WE WOULD DO IT ALL OVER AGAIN
After staying up late studying, Morgan, Katie, and Josiah pile into the family car and make 2am burger runs to Sonic. On the way, they have the easy conversations that only close siblings can have. One minute they’re talking about spirituality and the next they’re cracking up over an inside joke. They’re typical teens in every way except that Katie and Morgan were born profoundly deaf.
Nothing had prepared Marissa and Glenn for the news that their baby, Morgan, was born deaf. Their 14-month-old, Josiah, had typical hearing. Everyone else in their extended family did, too. “The initial shock of the diagnosis made it seem like there was a big difference from our first child,” said Glenn, “but there’s not.” Marissa and Glenn became determined to give Morgan every opportunity that Josiah had.
"WE DIDN’T PARENT KATIE AND MORGAN ANY DIFFERENTLY BECAUSE THEY HAVE HEARING LOSS." —MARISSA, MOTHER
As Marissa considered the communication outcomes for her baby, she came across a video of a vivacious little girl named Julie. Like Morgan, Julie had been born profoundly deaf. Looking directly into the camera with confidence, Julie spoke fluently about her plans for the future. It was the first time that Marissa had seen anyone with profound hearing loss listen and speak. After seeing precocious Julie, Marissa and Glenn knew that Listening and Spoken Language (LSL) would help them make their dreams come true for Morgan.

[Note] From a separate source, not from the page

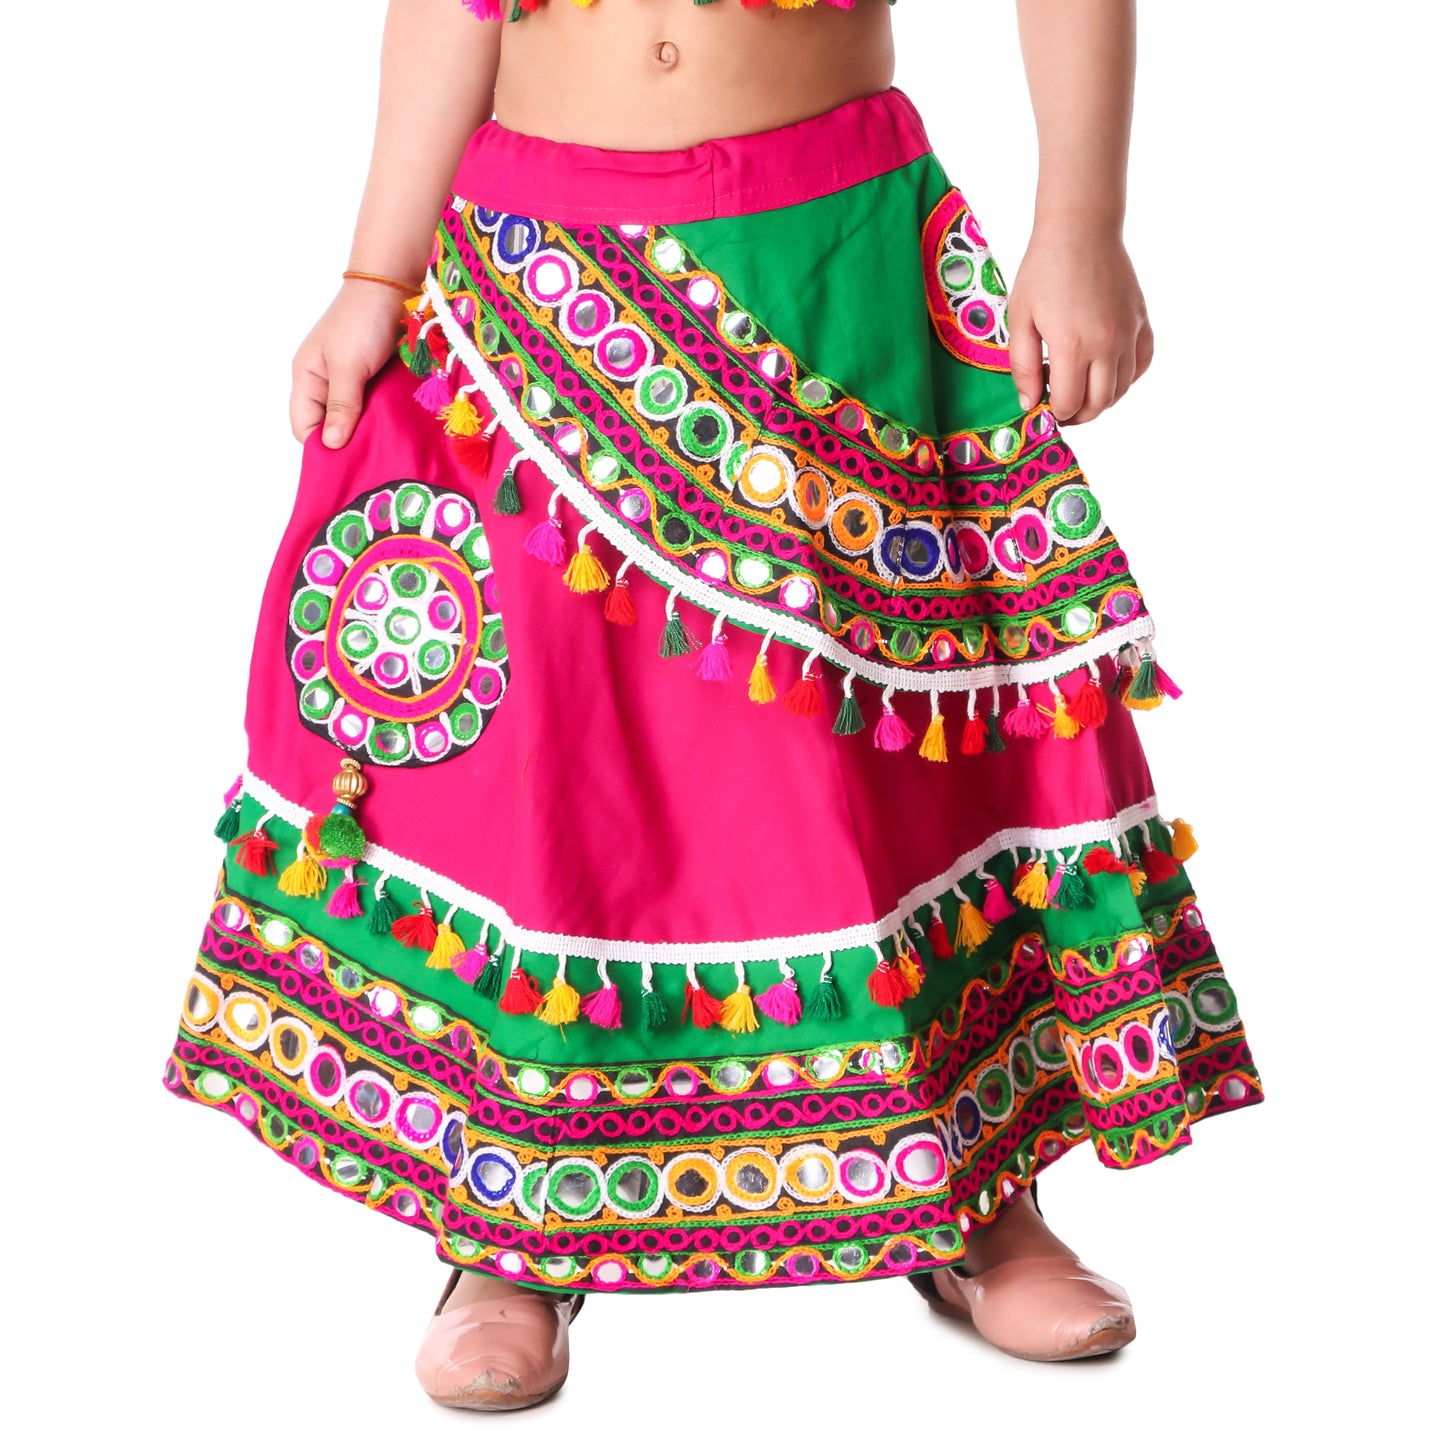 Multicolor Pink and Green Lehenga Choli for Girls - Ages 0-16Y - Kutch Work

But navigating the healthcare system and communicating with their insurance company to get cochlear implants for Morgan was not always easy. “A lot of times I was met with ‘no, we won’t do it,’” said Marissa. “I’ve always been taught to step back and be polite. But there were times when I had to get very direct and say, ‘I know this is what’s best for my child and if you won’t provide that, then I’m going to find someone who will.’” At 18 months old, Morgan received cochlear implants.
"THEY’RE NORMAL KIDS. THEY’RE GOING TO LIVE IN THIS WORLD AND THEY’RE GOING TO DO WELL." —Glenn, Morgan and Katie’s dad
When Katie was born profoundly deaf three years later, Marissa and Glenn wanted her to be as independent as her older sister. Katie received cochlear implants at just 12 months. “The earlier you can get hearing aids and implants, the better,” said Marissa. “The difference between Morgan’s journey and Katie’s journey—those six months—is significant. They’ve both done really well, but Morgan has had to work a lot harder. Birth to age three are years you can’t get back—invaluable speech and language development happens during that time.”
Today, the close-knit family hardly thinks about hearing loss. They’re too busy. Morgan and Katie have full schedules of AP classes, sports practice, and extracurricular activities. They attend the same large suburban high school that Josiah did. Most of their classmates and teammates don’t even realize that they’re deaf.
"HEARING LOSS DOESN'T HAVE TO DEFINE YOUR FAMILY." —MARISSA, MOTHER
The ambitious sisters push themselves and each other to achieve. In middle school, Morgan decided to compete on the speech team. The judges didn’t know she was deaf when they gave her first place. In the same way, Katie decided to try tennis even though no one in her family played the sport. After just a year of practice, she made the high school team. “I never felt like I couldn’t do anything because of my disability,” said Katie.
If they had to decide on a communication outcome for their daughters again, Marissa and Glenn would still choose LSL. For families with a child who’s recently been diagnosed, Glenn and Marissa have this advice: “Take a deep breath. Realize that there’s a lot of support and a lot of good opportunities out there. At the end of the day, this won’t define your child or your family.”